Neil Bartlett on an unconventional music-hall pioneer


Have you ever wished you could travel in time? A visit to newly renovated 1863 theatre Hoxton Hall lets you do just that. One minute, you’re on a tatty side street in Hackney, surrounded by kebab shops and cafés. The next, you’re in sumptuous music hall where ordinary Victorian Londoners came to play, flirt, and be entertained. Playwright Neil Bartlett was immediately seduced by Hoxton Hall’s charms: the balcony with its metal railings, the plushy red seats and crystal-clear acoustics – a world away from the vast theatres of the West End. “There’s nothing stuck up about these places,” he says. "There would have been direct access to the bar during the performances, for drinking and talking and smoking ... [and] all rooms had fireplaces, so everyone knew to keep their crinoline out of the way.” It's a perfect setting for his play about infamous music-hall artiste Ernest Boulton, who shocked Victorian Britain with his crossdressing alter-ego, Stella. The size of Hoxton Hall means that performers are never more than 25 feet away from audience members – an intimacy that has fed directly into Bartlett's script. What he's created, he says, is "less a play, more an encounter. You get to meet Stella, and she talks to you about her life, as a contemporary." It was a truly astonishing double life. By day, Ernest Boulton was the well-behaved son of a bank manager. By night: a courtesan, stage performer, even the mistress of a Conservative MP. For Bartlett, Stella demonstrates that Victorian England was never quite as straitlaced as we imagine.

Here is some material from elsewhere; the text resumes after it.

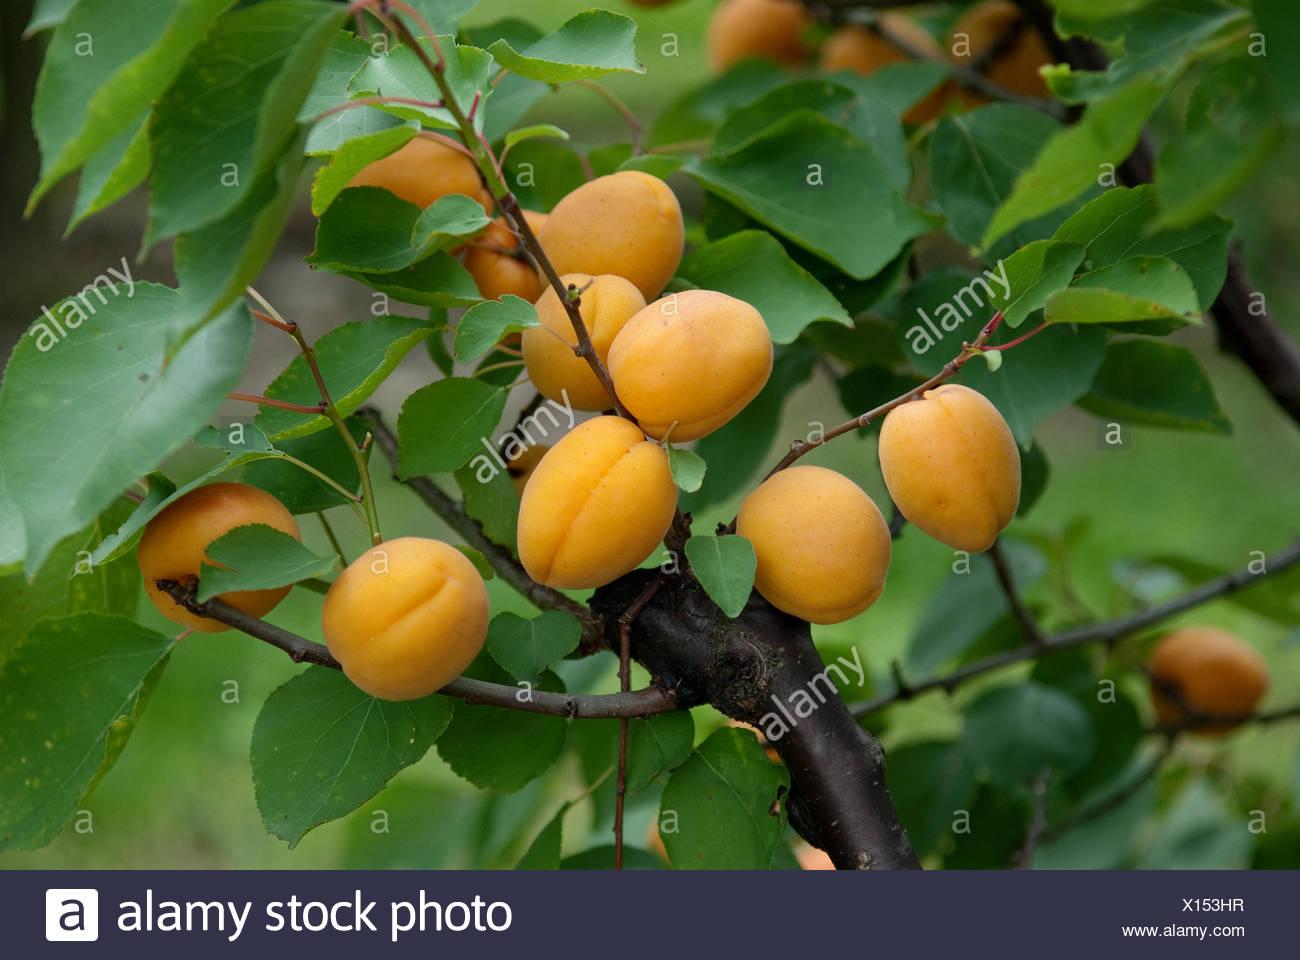 apricot tree (Prunus armeniaca 'Goldrich', Prunus armeniaca Goldrich), cultivar Goldrich, apricots on a tree - Stock Image

She's also, he says, a source of inspiration: "The questions that she asks us never change. Are you living your life, or are you living somebody else's? And how do you summon up the nerve to really live as yourself?" Today, all we have to remember Stella's performances are a few elegantly posed photos. It's impossible to exactly recreate her magic. But over a career spanning 30 years, during which time he's produced a dazzling body of plays, Bartlett has learned to accept theatre's fleeting and fluid nature. "Every piece of work lives twice," he explains. "Once when you’re in the room with it, and then again in your memory. But the art of creating of memorable evening is to embrace, absolutely, the sense that this is happening right here, right now, and then it will be gone forever."